Hats have been the mark of a modern stylish man in almost every era. Whether it’s a flatcap like the Peaky Blinders, a bowler like the Wright Brothers, or a fedora like Frank Sinatra, the right hat exudes confidence and class.
Cassel Goorin was an artist and craftsman who founded the company in 1895. He sold his custom hats from a horse-drawn cart on the streets of Pittsburgh. On each hat you will find a small castle logo, representative of community, strength and beauty. It’s also a clever play on his name. His sons Alfred and Ted took over in 1921 and renamed it Goorin Brothers.
Goorin Brothers now has 36 store locations in the snappiest neighborhoods in 16 states. Stylish spots like the French Quarter in New Orleans, Georgetown in Washington DC, South Congress in Austin, and Rittenhouse Square in Philly. California boasts the most with 11 shops and Brooklyn is so darn hip they need two of them.

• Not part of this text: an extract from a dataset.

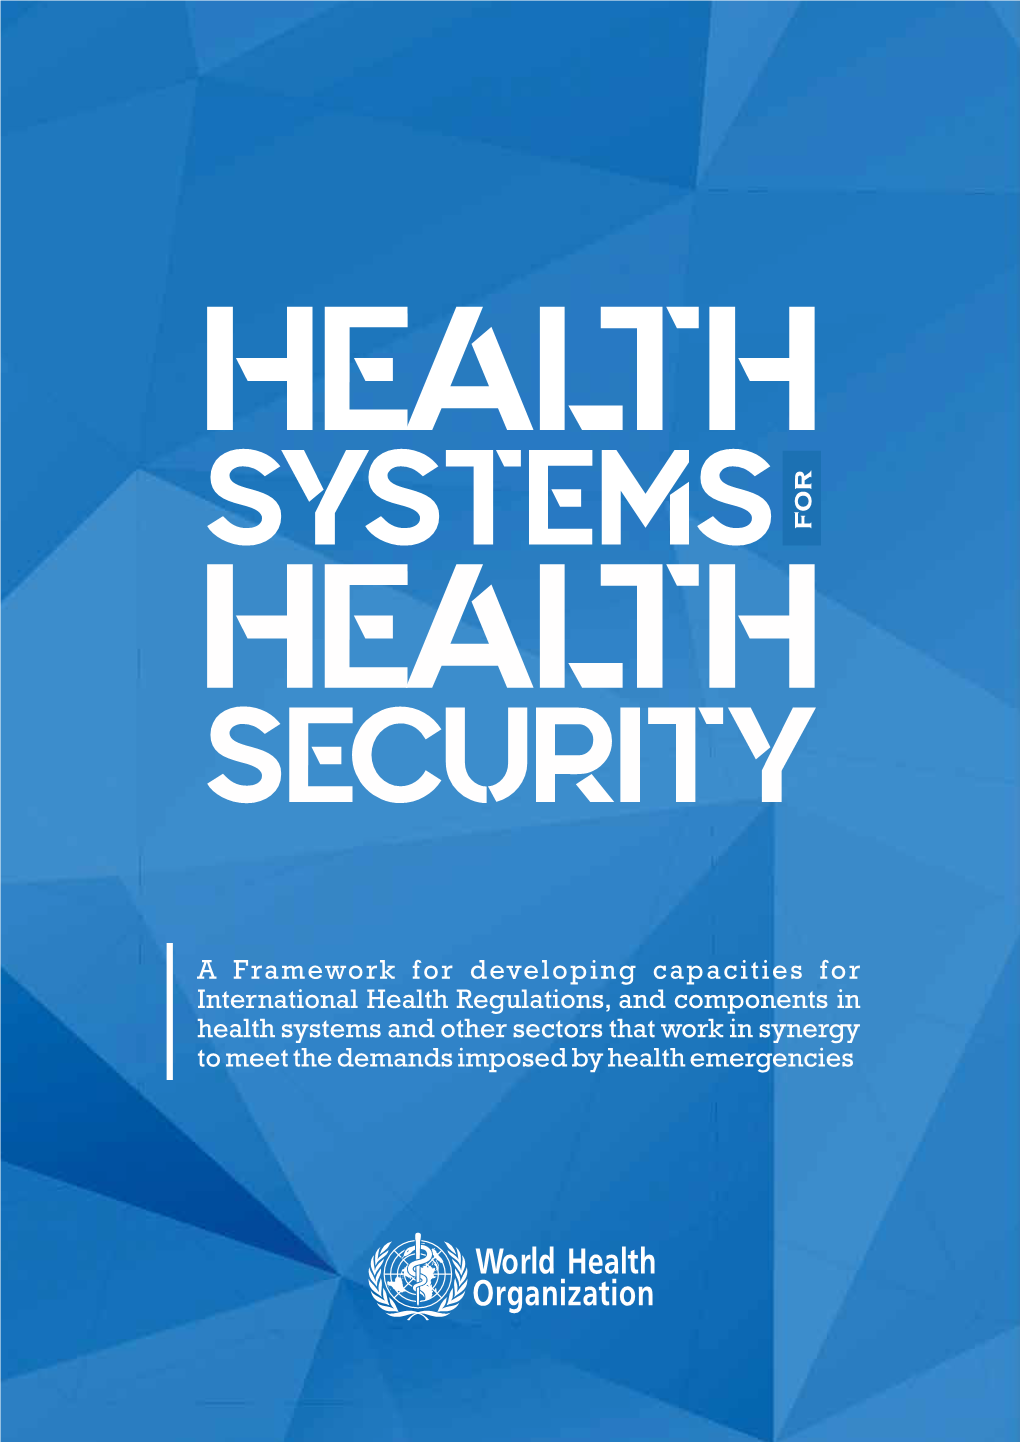 SYSTEMS R Fo HEALTH SECURITY

I walked into the Charleston, South Carolina store on King Street this summer and fell in love with the entire brand. The store was smartly appointed with a vintage vibe. I couldn’t decide if I was stepping back in time or right on the cutting edge of new hotness. Staff was attentive and laid back at the same time. Through an open door toward the rear of the store there was a workshop that made me wonder if they were custom building each cap on the premises. They weren’t just selling hats, they were selling an experience. And I was all in.

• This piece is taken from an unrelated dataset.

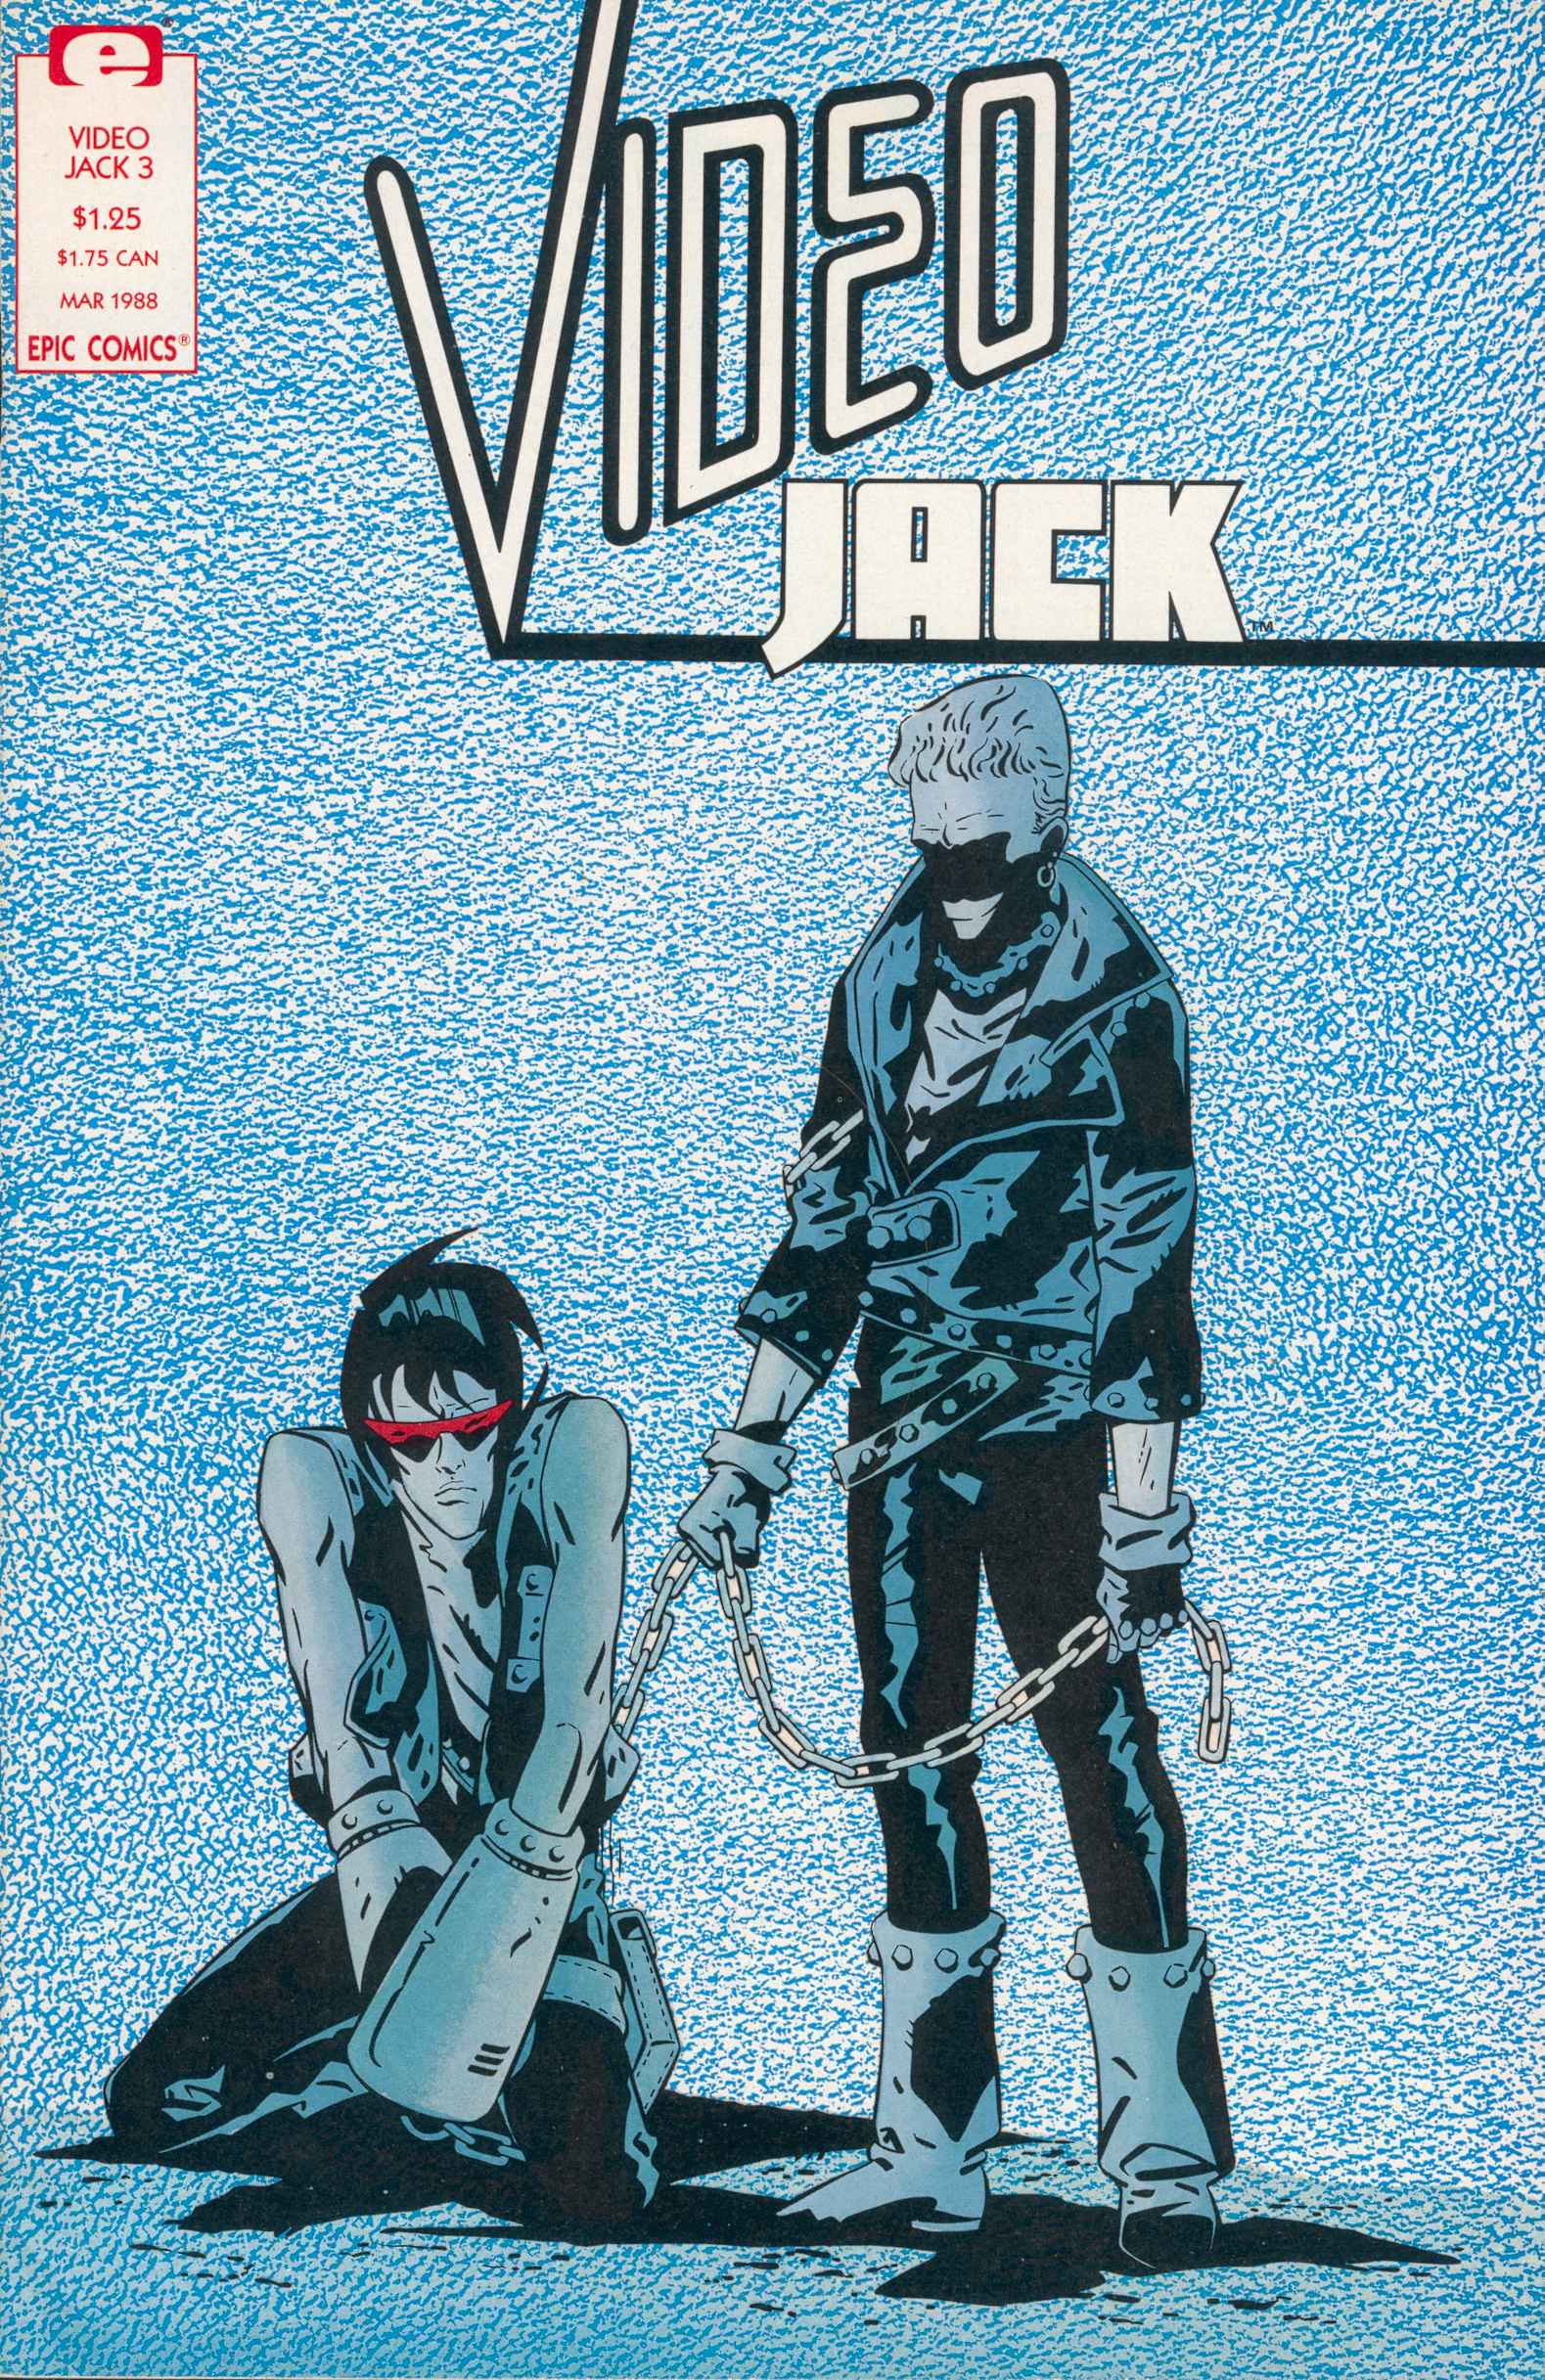 Read online Video Jack comic -  Issue #3 - 1

Like buying a piece of history, Goorin has fedoras, flatcaps, cadets, baseball, beanies, bowlers, and top hats. Classic materials of American felt, heritage wool, premium cloth, classic straw, allow you to choose the perfect combination for you to create your own iconic look. Each are available in multiple sizes and colors for men, women and kids with prices that won’t break the bank.
Even the names of the hats have a certain panache and sophistication. Pictured here are the Good Boy in grey, Wise Guy in brown, Guido Delgado in moss, Weizen in natural, and the Heisenberg in black. Yep, it was named for Walter White’s signature hat. Just don’t ask them for the Pharell Williams, they don’t carry that one.